Raissa D'Souza
Talk recording
Our world relies on a collection of interdependent networks, from critical infrastructure networks to social networks to biological and ecological networks. Each network on its own can have distinct timescales and display non-linear collective behaviors. This talk features how statistical physics provides a toolkit for analyzing these systems-of-systems including phase transitions and cascading failures and how future directions require partnering with the fields of non-linear dynamics and control theory.Raissa D’Souza is the Associate Dean of Research for the College of Engineering at UC Davis as well as Professor of Computer Science and of Mechanical and Aerospace Engineering. She is a member of the Board of Reviewing Editors at Science, and an External Faculty member at the Santa Fe Institute. She received a BS in Physics from University of Illinois, Champaign-Urbana and a PhD in Statistical Physics from MIT, then was a postdoctoral fellow at Bell Laboratories and at Microsoft Research.

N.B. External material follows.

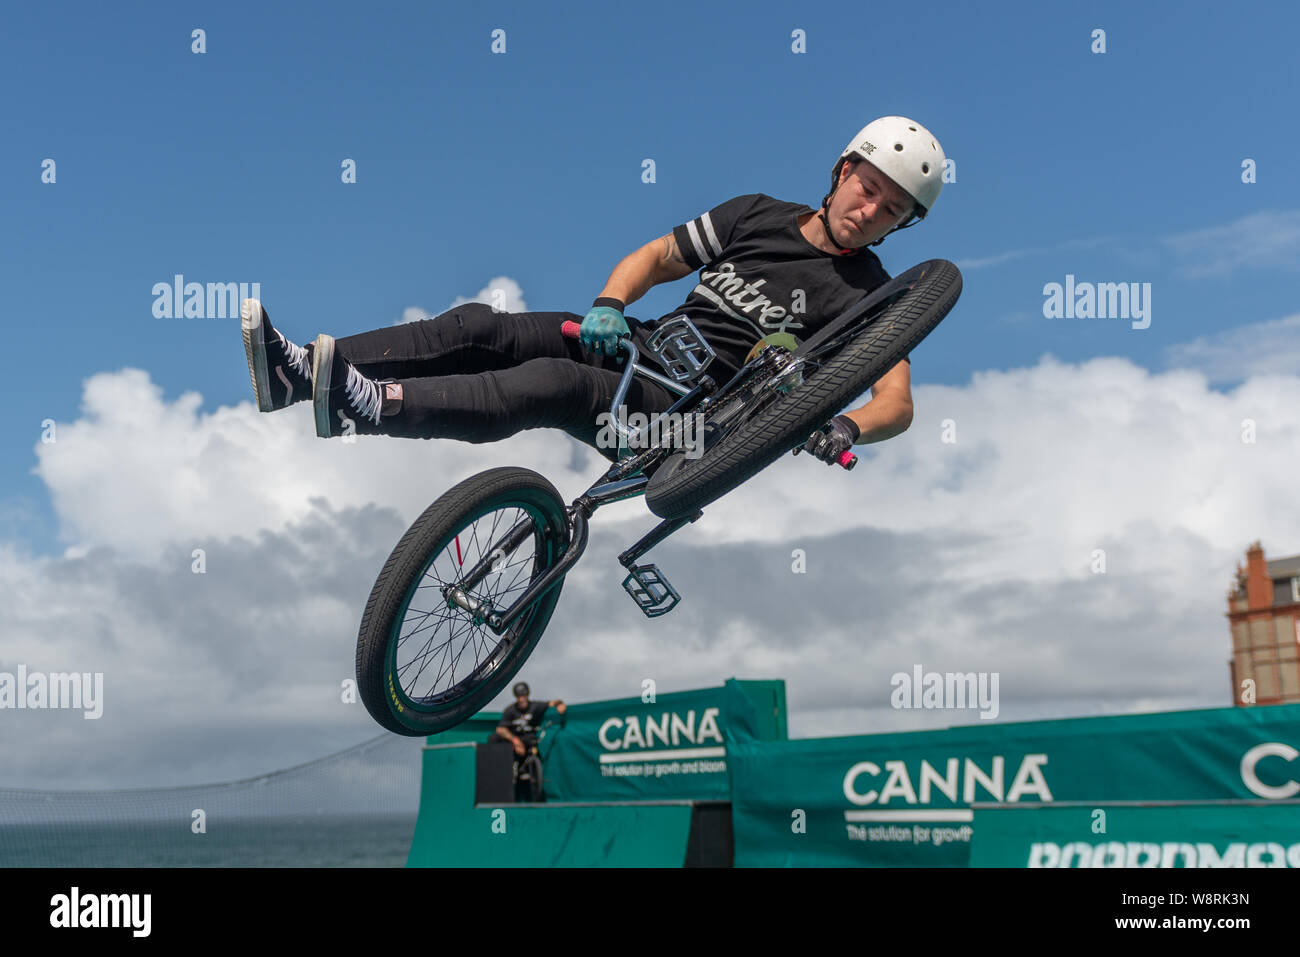 BMX tricks on a half pipe Stock Photo - Alamy

She uses the tools of statistical physics and applied math to reveal the underlying principles of organization in complex systems. She is a Fellow of the American Association for the Advancement of Science, of the American Physical Society, and of the Network Science Society, and has received numerous best paper and test-of-time awards, including the inaugural Euler Award of the Network Science Society in 2019. She has served on the editorial board of numerous scientific journals, organized key scientific meetings, was the President of the Network Science Society from 2015-18, and a member of the World Economic Forum’s Global Agenda Council on Complex Systems.